### PROMPT
Everything in the listing that follows should be reproduced exactly except the pictures.

### PROVIDED DATA
%%
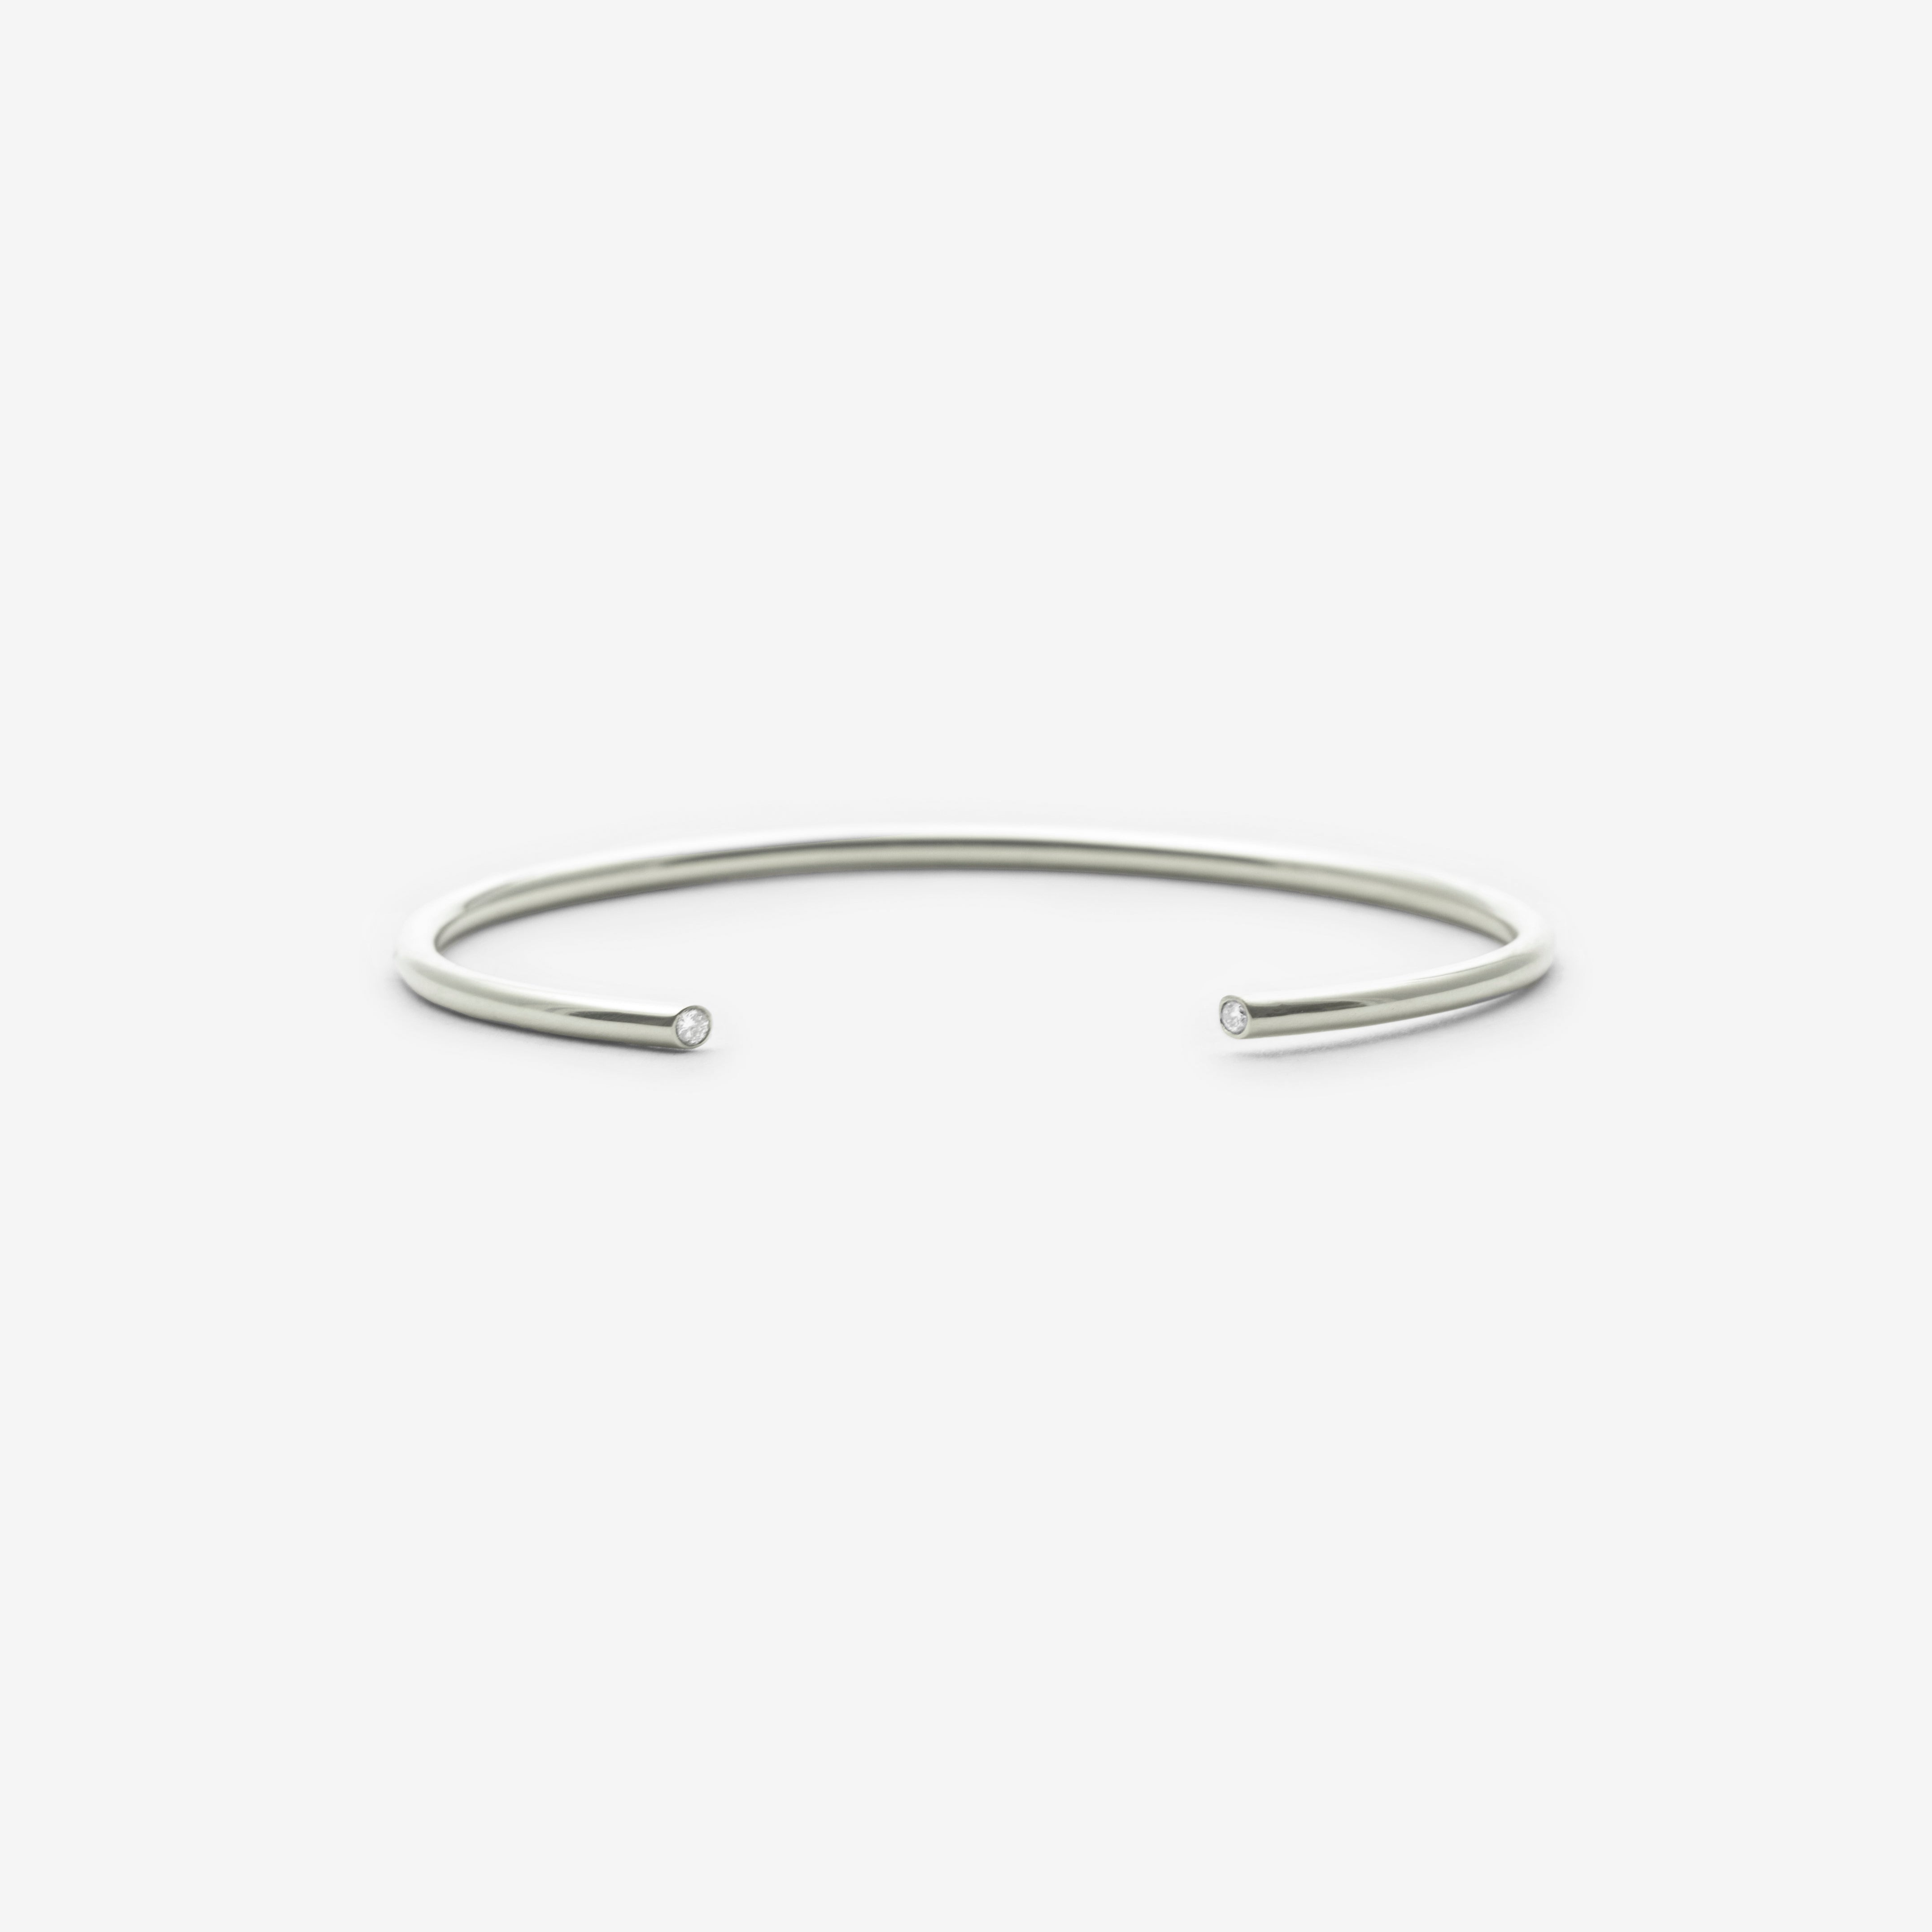 Olva Simple Cuff in 14k White Gold set with White Diamonds By SHW Fine Jewelry NYC
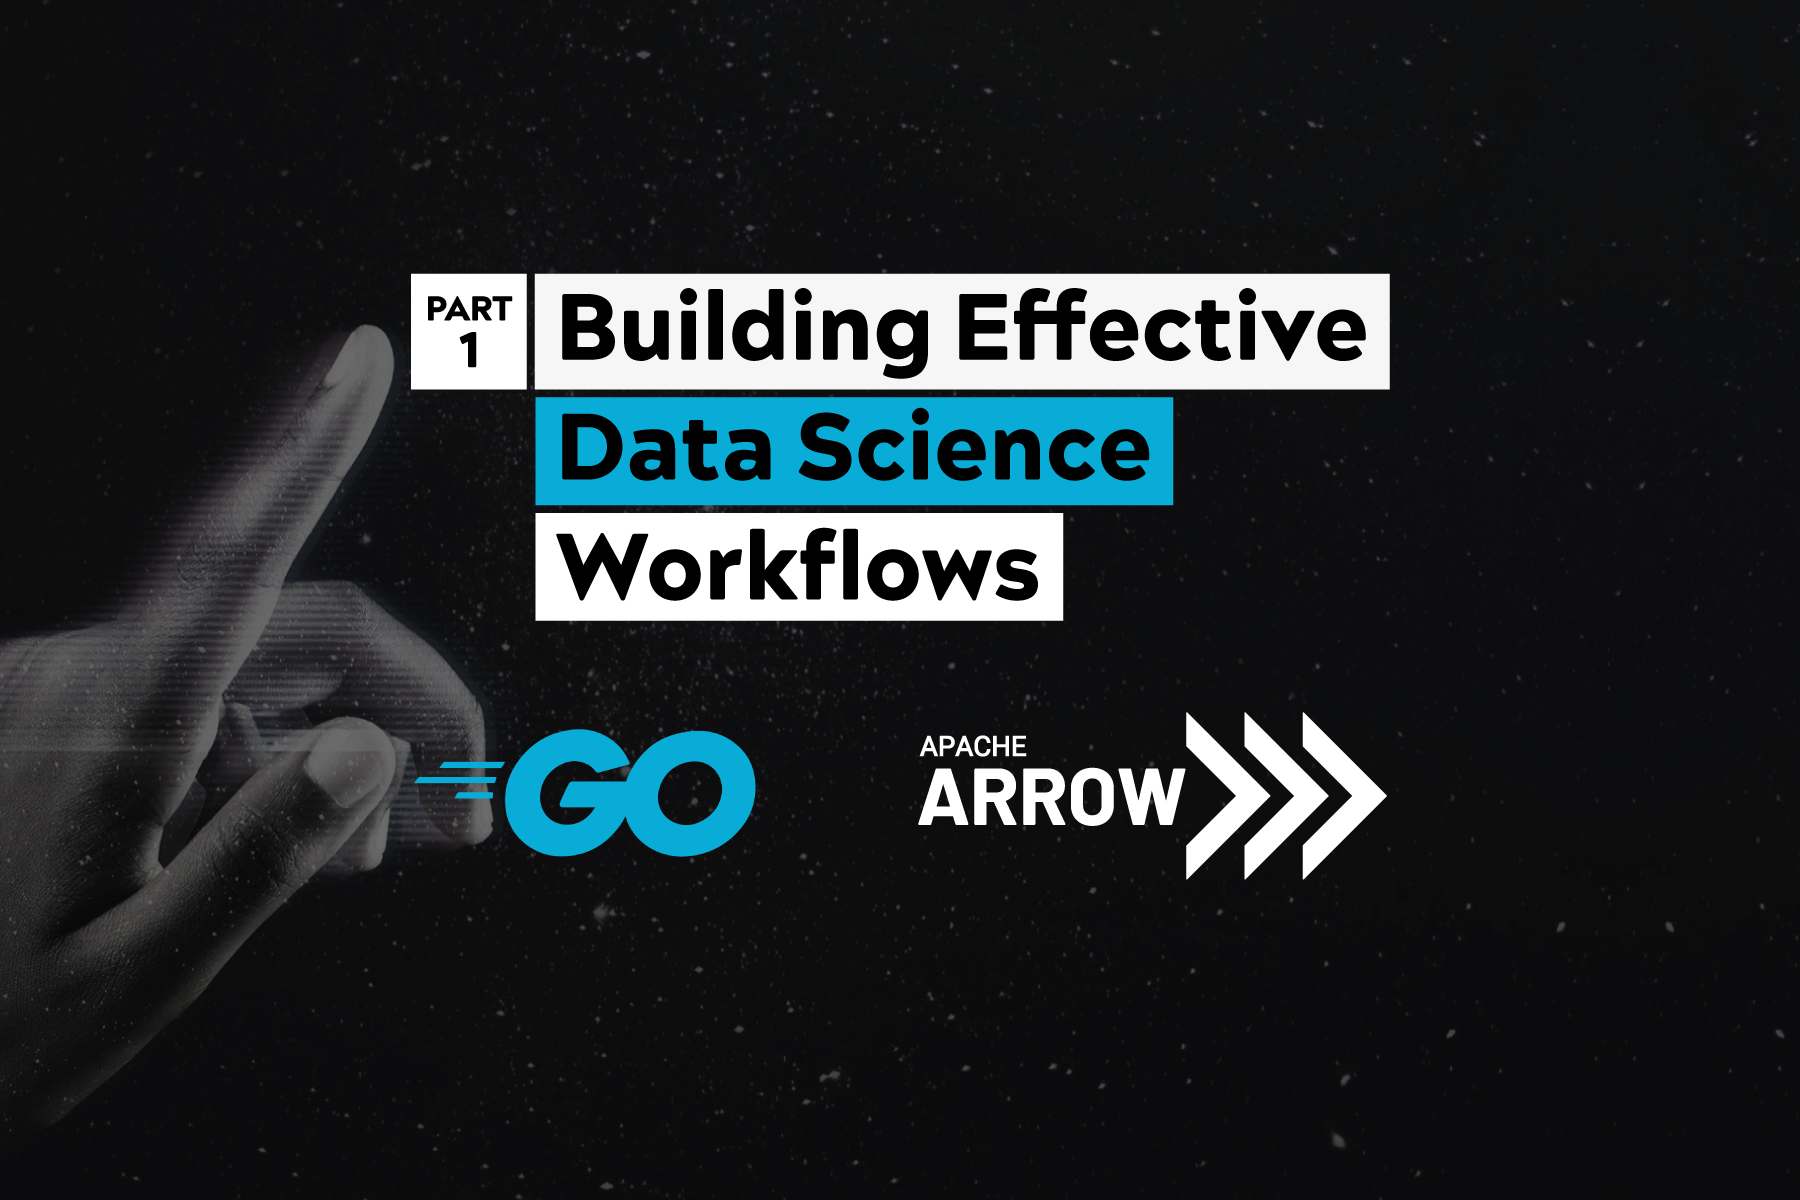 Building Effective Data Science Workflows with Go and Apache Arrow.
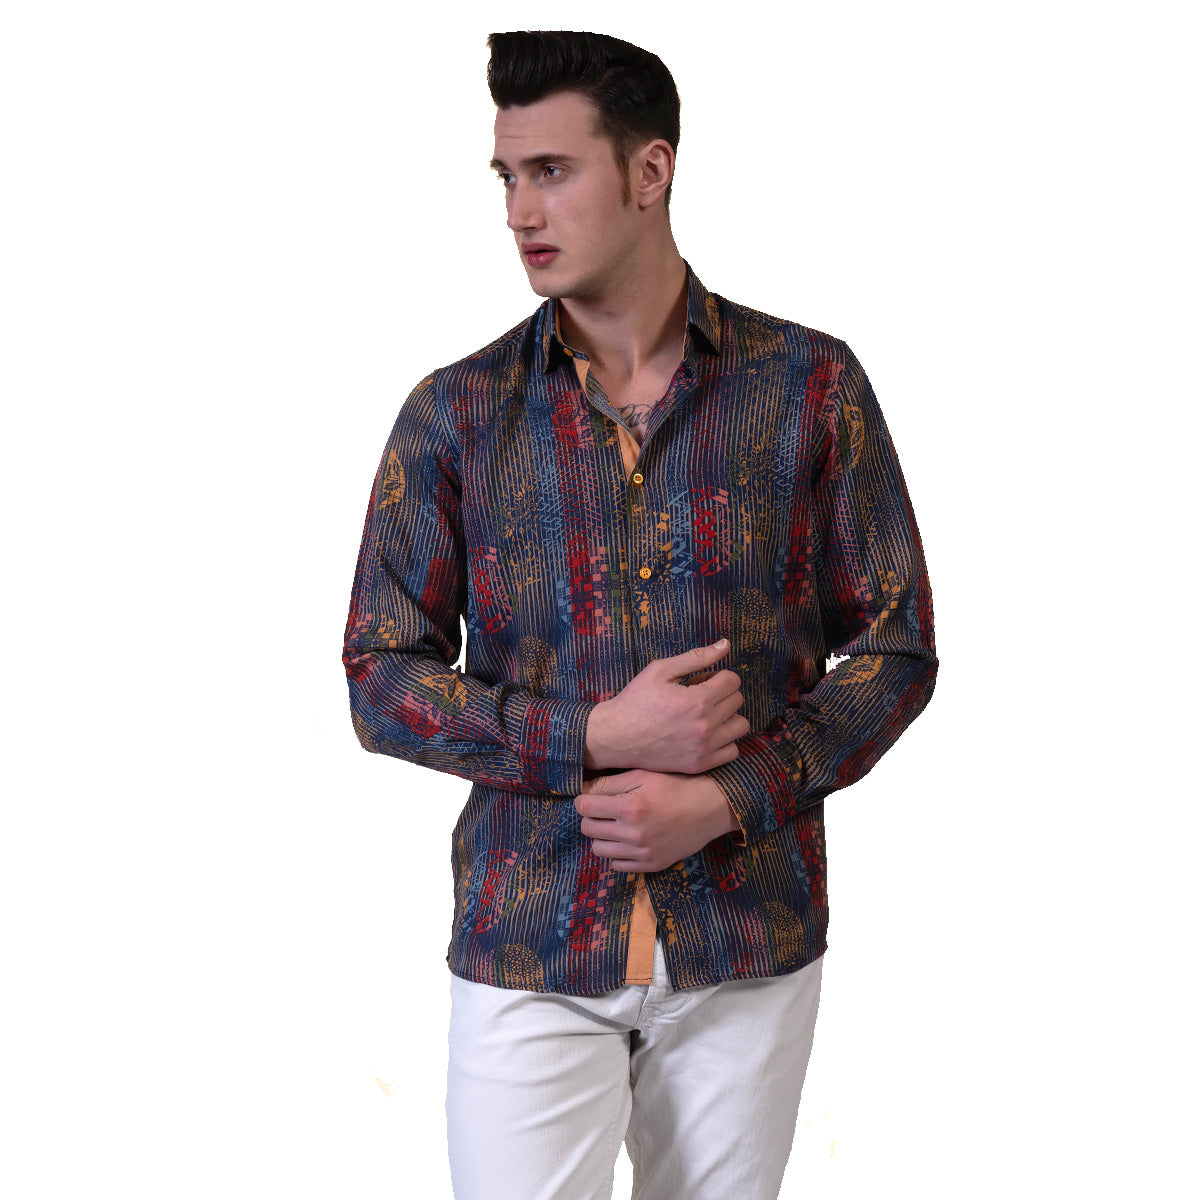 Brown Floral Mens Slim Fit Designer Dress Shirt - tailored Cotton Shirts for Work and Casual Wear
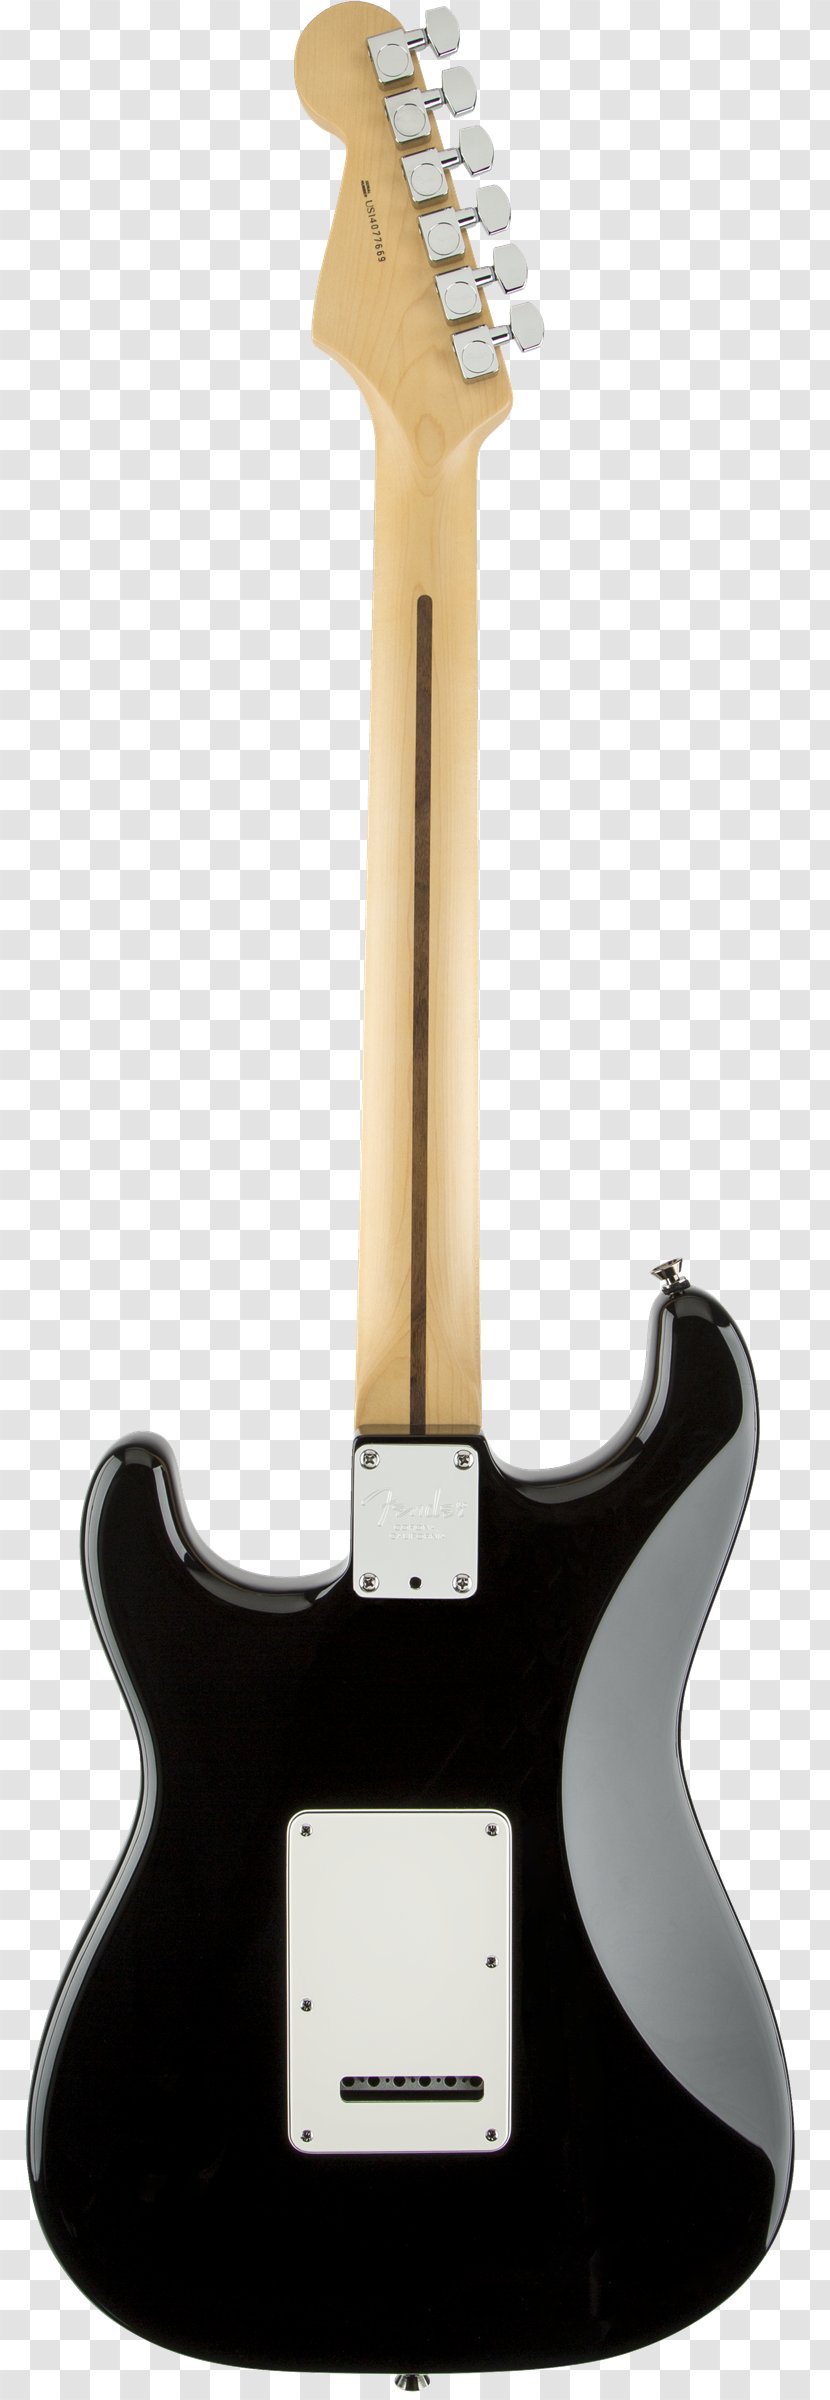 Fender Stratocaster Electric Guitar Musical Instruments Corporation Squier Deluxe Hot Rails - String Instrument Transparent PNG
%%
### PROBLEM SOLUTION
 Olva Simple Cuff in 14k White Gold set with White Diamonds By SHW Fine Jewelry NYC
 Building Effective Data Science Workflows with Go and Apache Arrow.
 Brown Floral Mens Slim Fit Designer Dress Shirt - tailored Cotton Shirts for Work and Casual Wear
 Fender Stratocaster Electric Guitar Musical Instruments Corporation Squier Deluxe Hot Rails - String Instrument Transparent PNG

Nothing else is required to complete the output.